Set the records down again exactly, apart from any pictures in them.

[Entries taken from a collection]
---

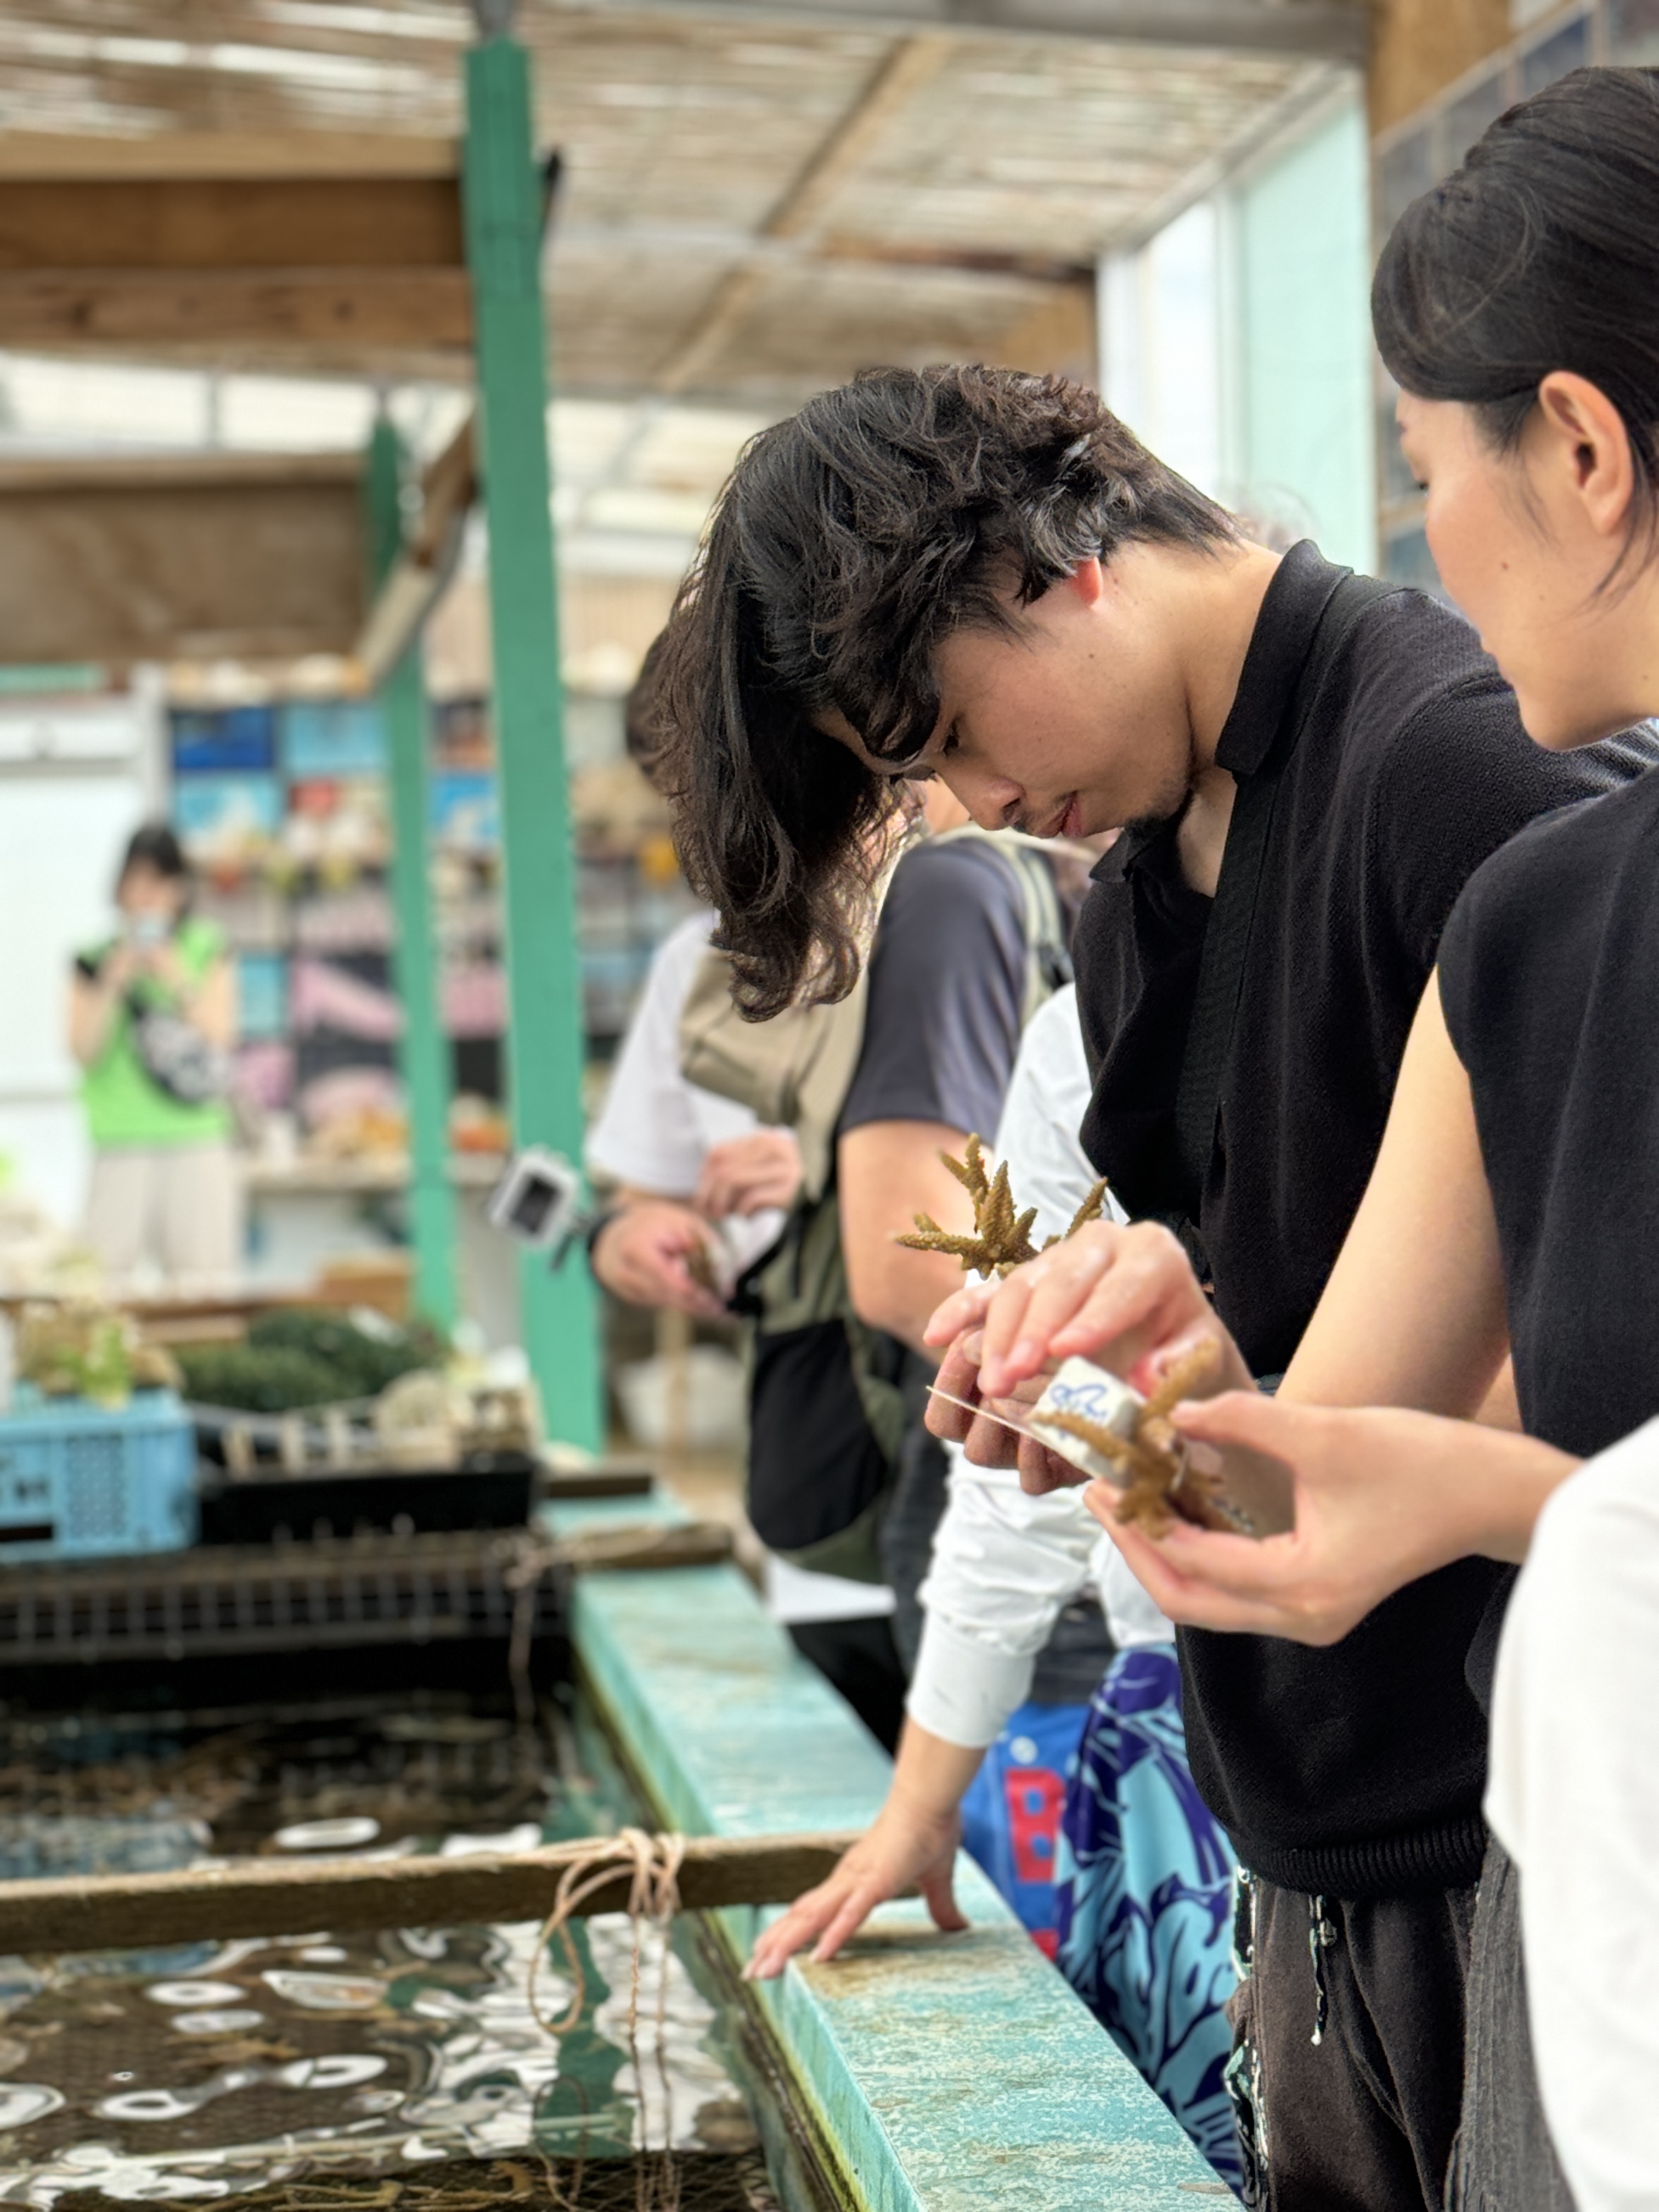 ALJでは、

『できることから始めよう』
 ～Start with ∞プロジェクト～

を掲げ、SDGsの考えのもと持続可能な各取り組みにも積極的に取り組んでいます。

～～例えば…～～
井戸寄贈、掃除ボランティア、リフレッシュPC活用、サンゴ植え付けボランティア等々…
◆画像は沖縄で行ったサンゴ植え付けボランティアの様子です

---

_TASK SOLUTION_:
 ALJでは、

『できることから始めよう』
 ～Start with ∞プロジェクト～

を掲げ、SDGsの考えのもと持続可能な各取り組みにも積極的に取り組んでいます。

～～例えば…～～
井戸寄贈、掃除ボランティア、リフレッシュPC活用、サンゴ植え付けボランティア等々…
◆画像は沖縄で行ったサンゴ植え付けボランティアの様子です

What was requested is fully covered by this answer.